Material supplied ▸
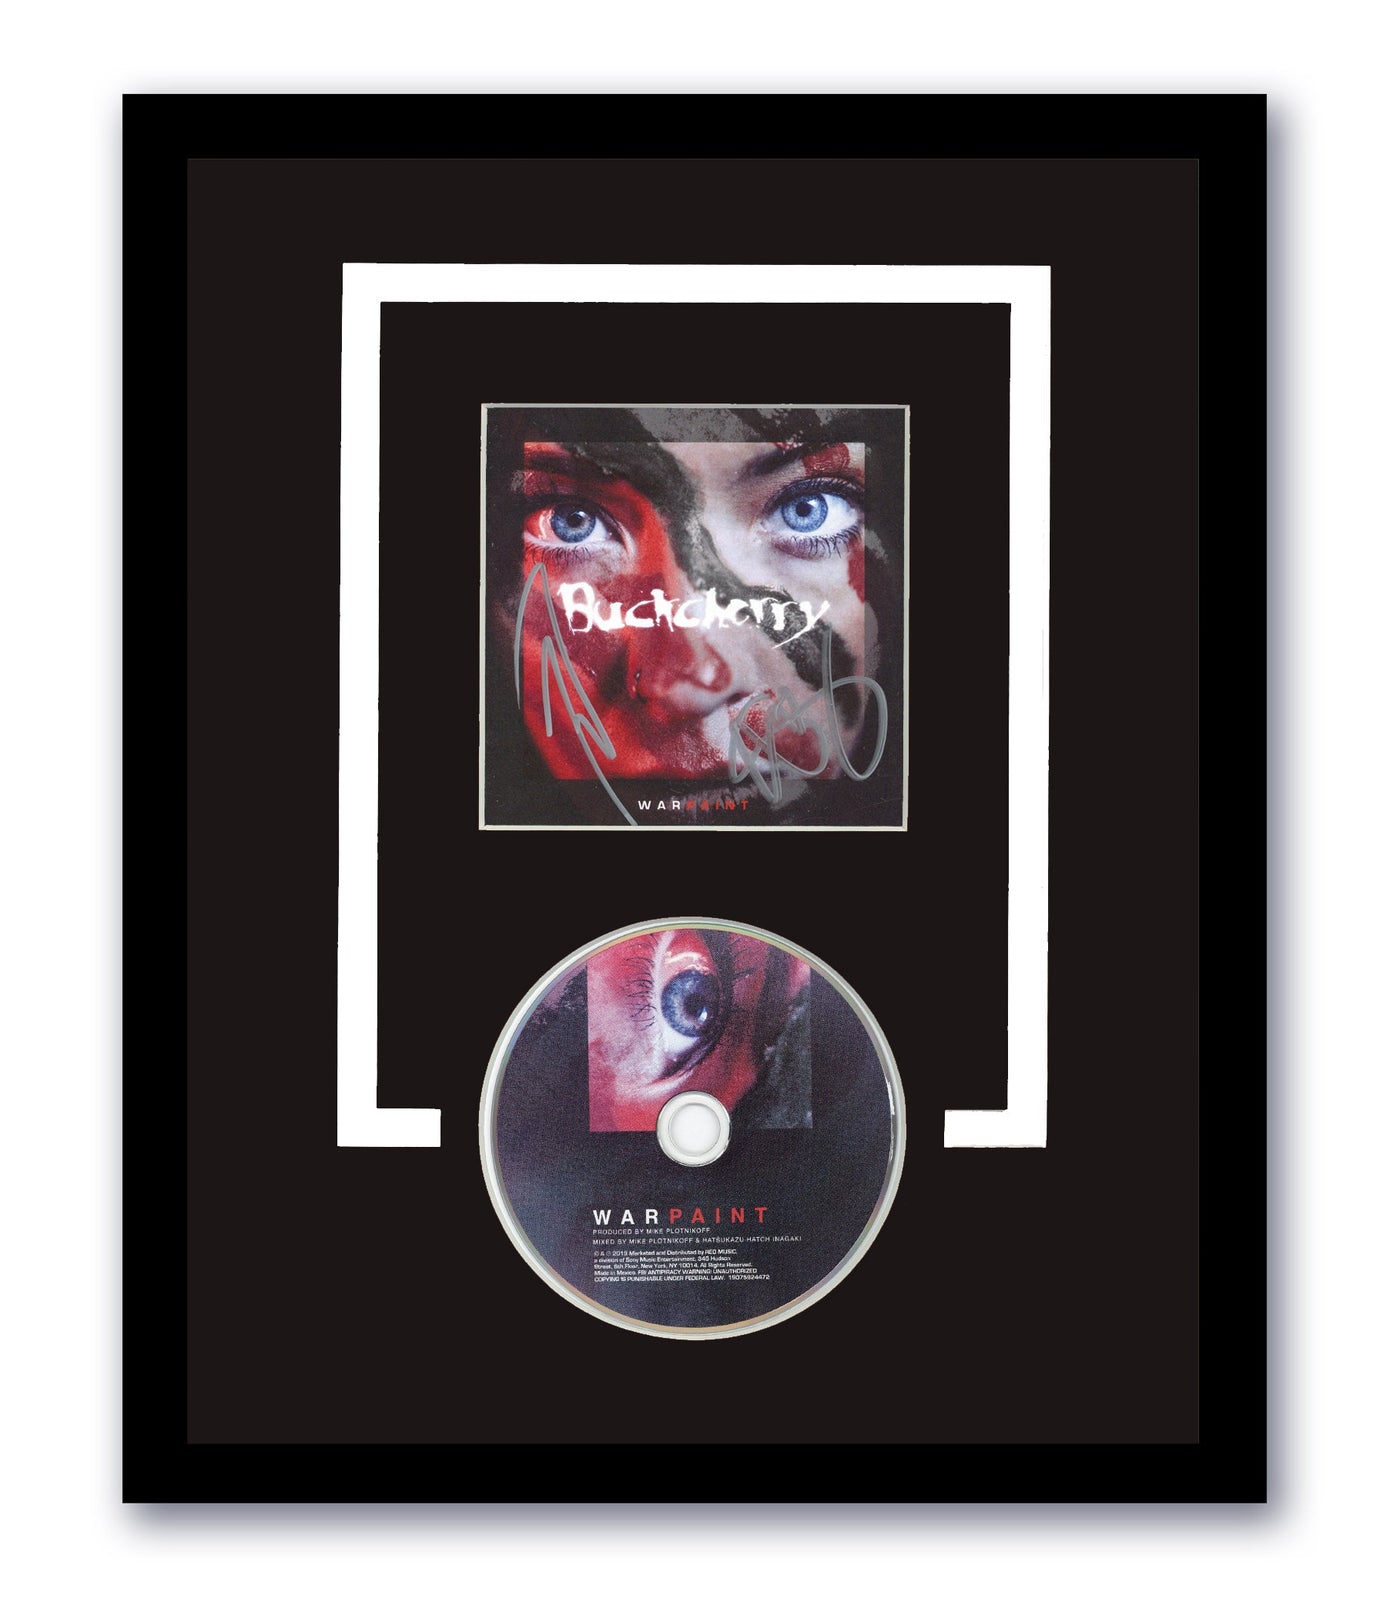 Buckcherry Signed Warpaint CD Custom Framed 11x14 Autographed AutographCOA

...

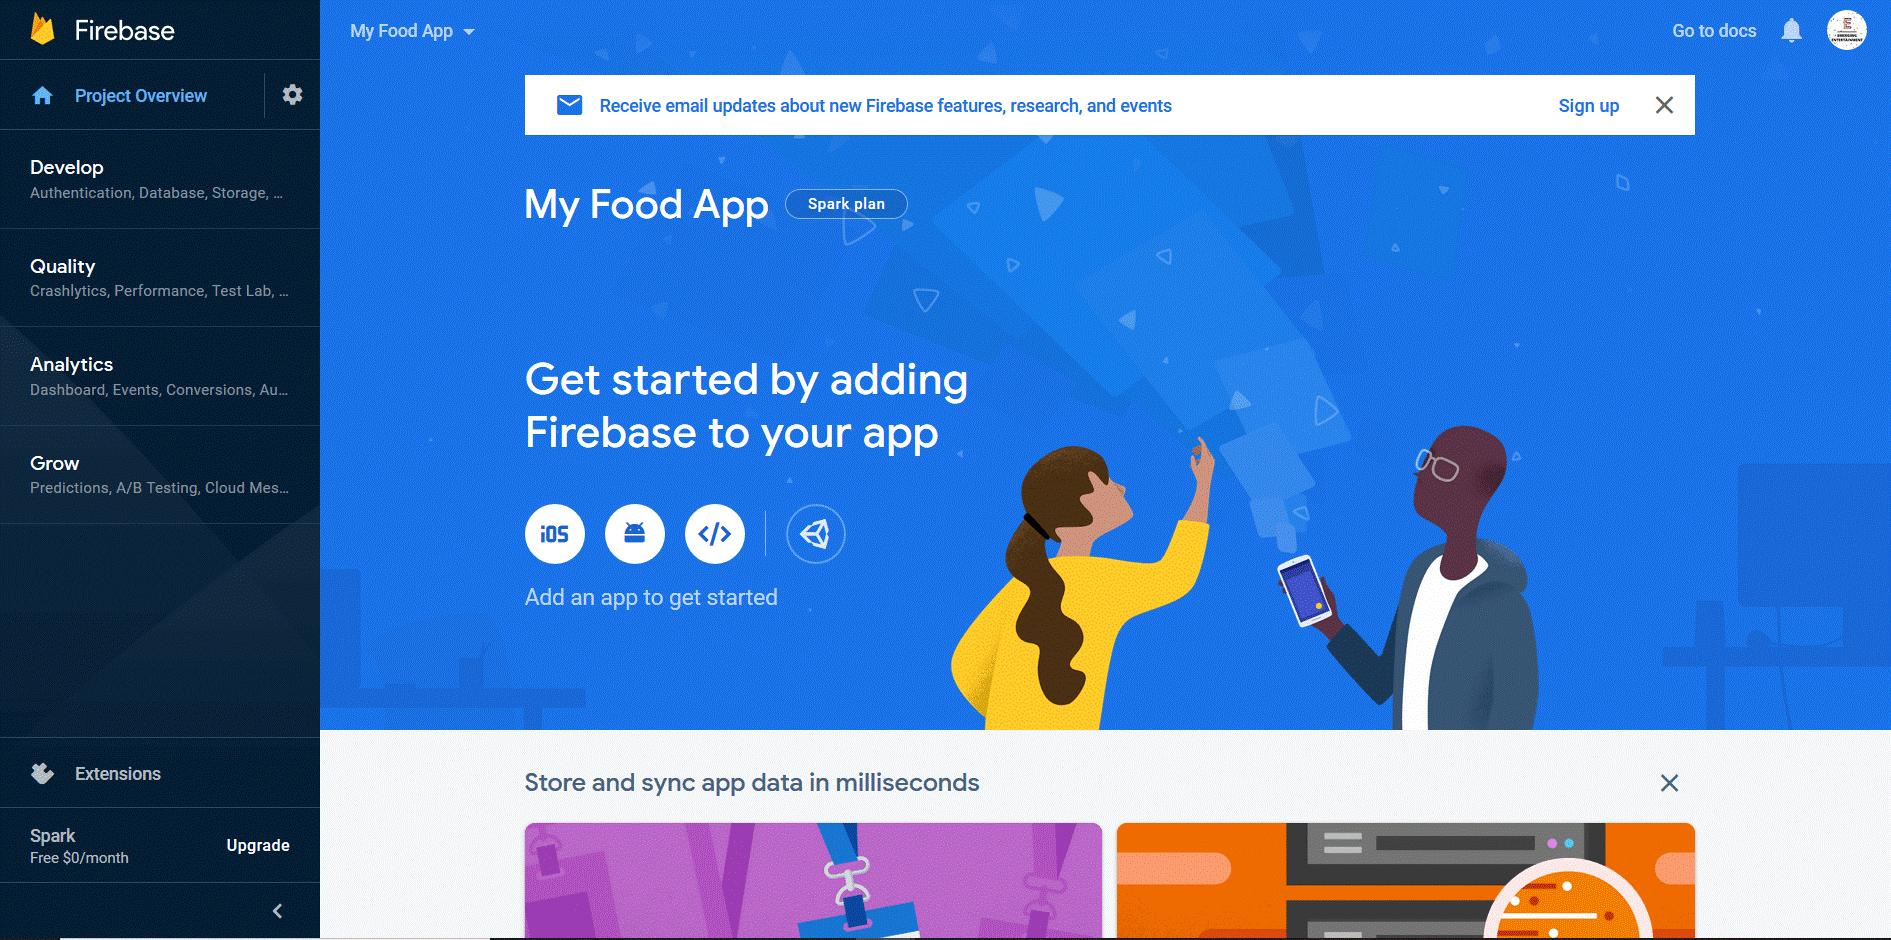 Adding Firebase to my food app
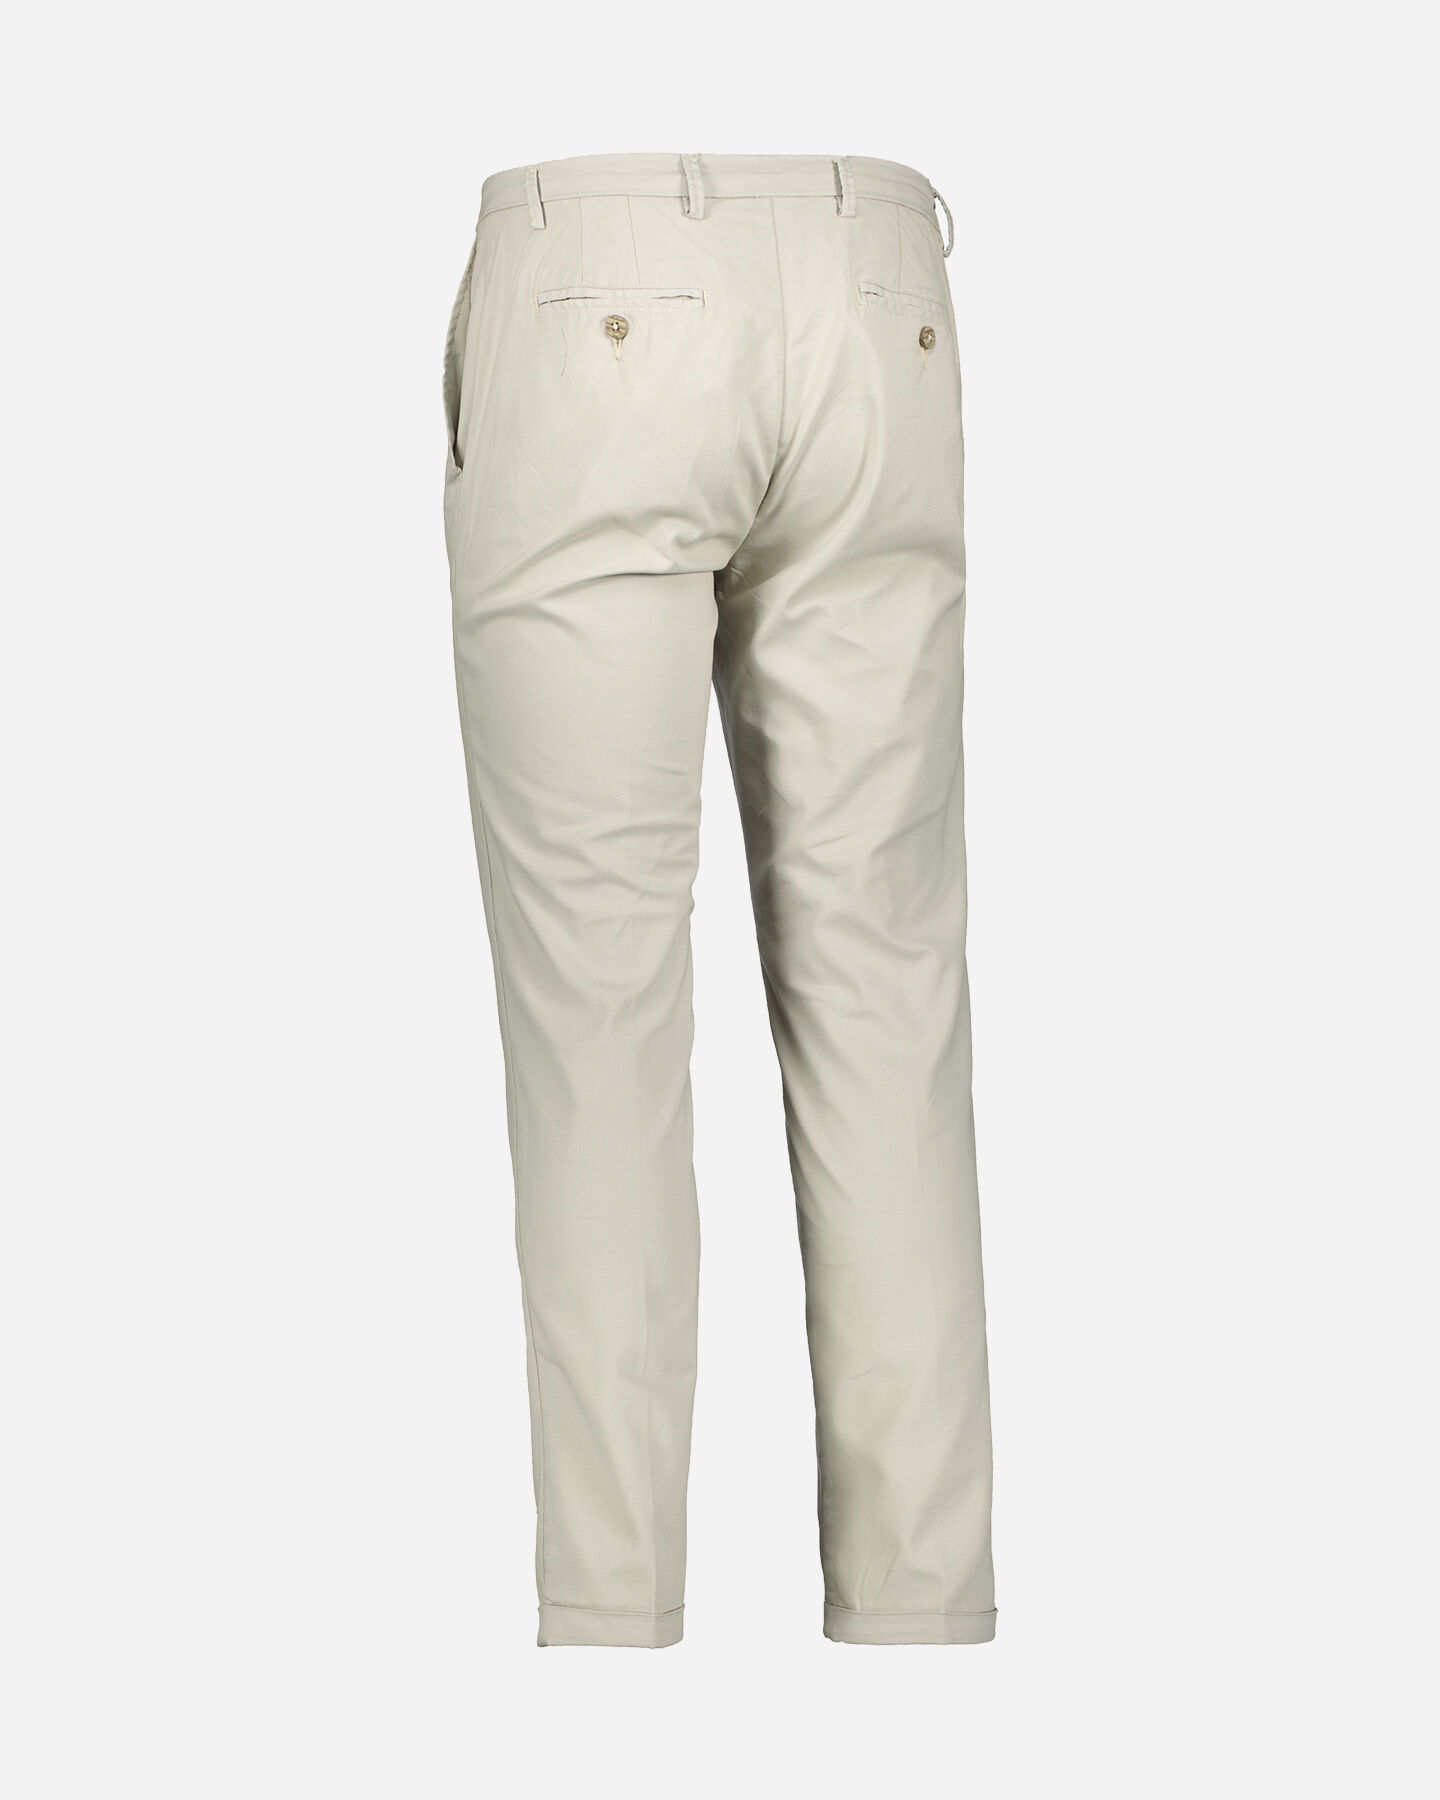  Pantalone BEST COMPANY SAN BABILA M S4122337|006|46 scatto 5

What you will do ▸ All pictures are to be skipped. Output, word for word, the lines in the data above starting at the line containing "Adding Firebase to my food app" and ending at the line containing "Pantalone BEST COMPANY".

Task result ▸
 Adding Firebase to my food app
  Pantalone BEST COMPANY SAN BABILA M S4122337|006|46 scatto 5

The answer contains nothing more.